18000 services to check and Nagios just sits and waits.
Surya Rahmadiansyah
surya at divre1.telkom.co.id
Thu Dec 11 09:12:39 CET 2003
Hi, Martin
I would like to know, are you running nagios to monitor 900 hosts in one
map? Is there possible to make several map (status.cgi) with one nagios
process?
Thanks
-- Surya Rahmadiasnyah
At 12:00 PM 12/10/2003 -0600, Ric Moseley wrote:
>-----Original Message-----
>From: nagios-users-admin at lists.sourceforge.net
>[mailto:nagios-users-admin at lists.sourceforge.net] On Behalf Of Marc Powell
>Sent: Wednesday, December 10, 2003 9:35 AM
>To: martin at idefix.net; nagios-users at lists.sourceforge.net
>Subject: RE: [Nagios-users] 18000 services to check and Nagios just sits and
>waits.
>
>Congratulations. You have the largest single-host installation of nagios
>that I have heard of. You haven't given any hard information about how
>you have nagios configured so we're going to have to make a lot of
>guesses until you provide specific information. Your host and service
>check definitions as well as many options in nagios.cfg can have a
>profound affect on the performance of the program. Here are some
>suggestions from my personal experience which may or may not be
>redundant for you:
>
>Nagios.cfg -
> - command_check_interval=-1 (may have no affect in your setup)
> - max_concurrent_checks=xxx (You should run '/path/to/nagios -s
>/path/to/nagios.cfg) for a lower estimate on this number. Increasing it
>will not hurt to a point)
> - service_reaper_frequency=2 (or 1 if you want, I'd start with
>2)
> - use_agressive_host_checking=0
> - aggregate_status_updates=1
> - status_update_interval=xxx (I suggest at least 60). This one
>may actually be getting you. With 18000 services, it's going to take
>some time to update the status in the db, even if it is in ram. Nagios
>does a delete of the status tables, then an insert of the new
>information. If you have the interval set at 30 seconds and the process
>takes 29 seconds, that's all that nagios will be doing or it will only
>have 30 seconds to process several hundred or thousand results).
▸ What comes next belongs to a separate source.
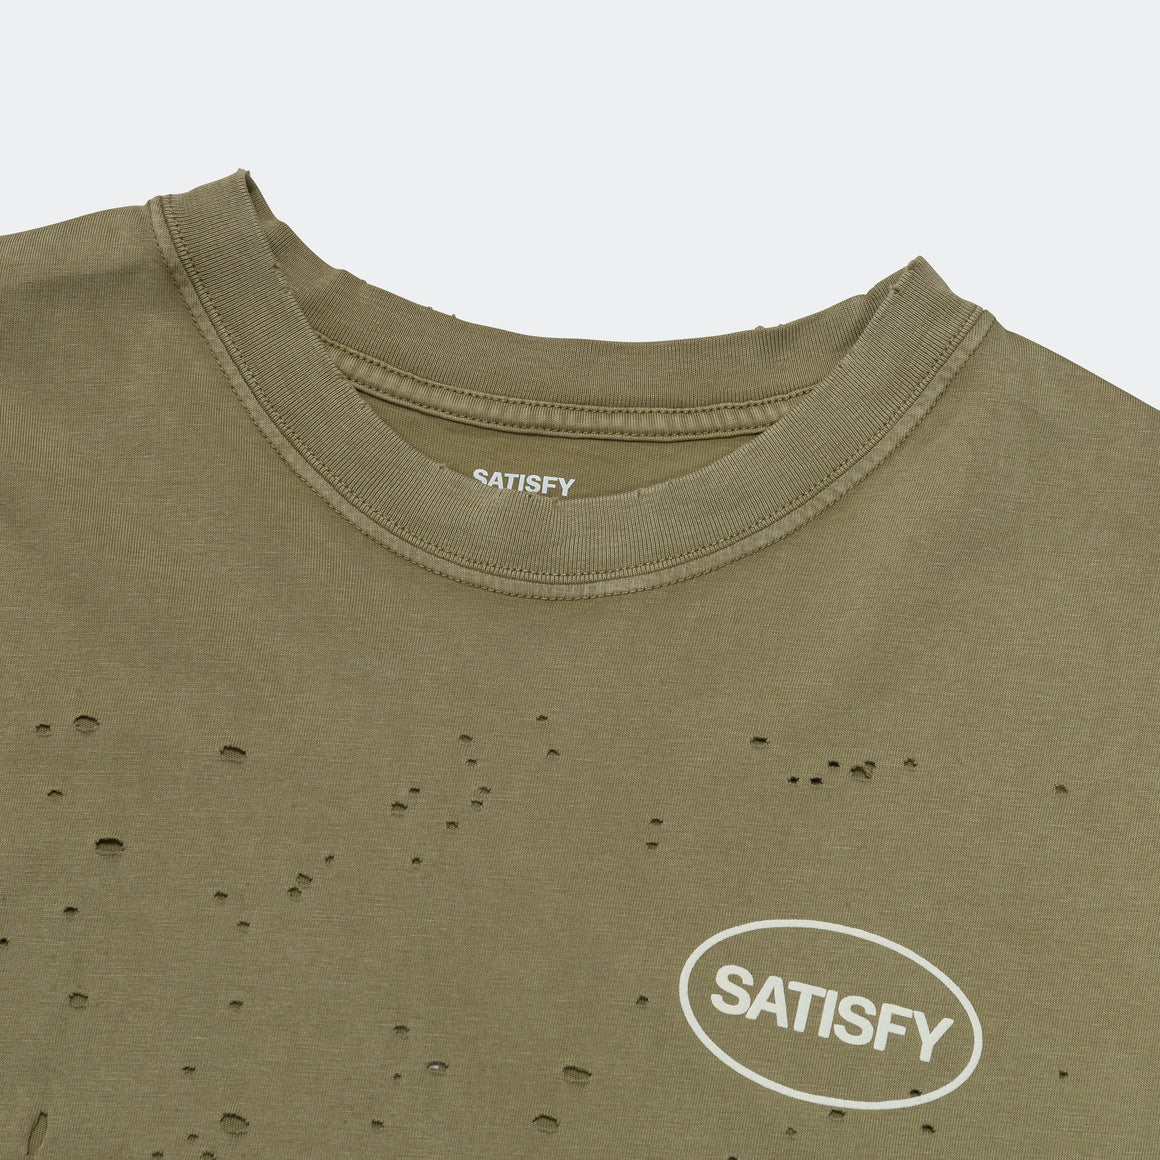 Satisfy - Mens MothTech™ T-Shirt - Aged Aloe - Up There Athletics

> - inter_check_delay_method. When using the smart option nagios
>will try to spread out your checks so that they all fit in your average
>check interval. If you don't have max_concurrent_checks set high enough
>or the service_reaper_frequency set low enough to allow this to happen
>the initial checks can get spread over a significant period of time.
>
>Host and service checks -
> - Use very simple host checks, single pings for example, with no
>retry or disable host checks entirely. If any service returns a state
>other than OK, nagios will aggressively check the status of the host and
>stop doing everything else until max_retries has been reached on the
>host check.
> - Use a sane check_interval. Don't expect nagios to be able to
>complete 18,000 checks at 1 minute intervals.
> - Your custom plugin should be written in C or if it's perl you
>should use the ePN. If it's written in perl it can be very expensive
>without ePN as you need to launch a copy of perl every check as well.
> - If you're utilizing parenting or service dependencies these
>may be problematic with large numbers of hosts/services (just guessing).
> - I'm not a programmer but I don't believe that just because
>linux understand hyperthreading that a program will take advantage of
>it.
>
>Ulimits - by default, Redhat linux 7.3 only allows a user to have 1024
>open files, a stack size of 8192 kbytes and 7168 concurrent processes.
>You may need to adjust these once you get things going.
>
>Presuming that you don't make any significant changes based on the
>suggestions above, is there anything in nagios.log that might indicate a
>problem? Have you tried running strace on any of the nagios processes to
>find out exactly what they are doing?
>
>Finally, since you've created your own front end I presume you've
>realized that nagios pre-2.0 had a hard time with large numbers of hosts
>and services, particularly for the cgis. 2.0 (will) incorporates several
>changes that reportedly make working with large numbers of hosts and
>services better. YMMV though and as far as I know the enhancements
>mostly benefit the cgis.
>
>--
>Marc
>
> > -----Original Message-----
> > From: martin at idefix.net [mailto:martin at idefix.net]
> > Sent: Wednesday, December 10, 2003 3:55 A
> > To: nagios-users at lists.sourceforge.net
> > Subject: [Nagios-users] 18000 services to check and Nagios just sits
>and
> > waits.
> >
> > Hi all,
> >
> > I'm trying to convince Nagios it should perform very aggressively
> > but somehow it won't work.
> > When reading the documentation it states everywhere that Nagios
> > will consume all CPU power you throw at it if you don't take care.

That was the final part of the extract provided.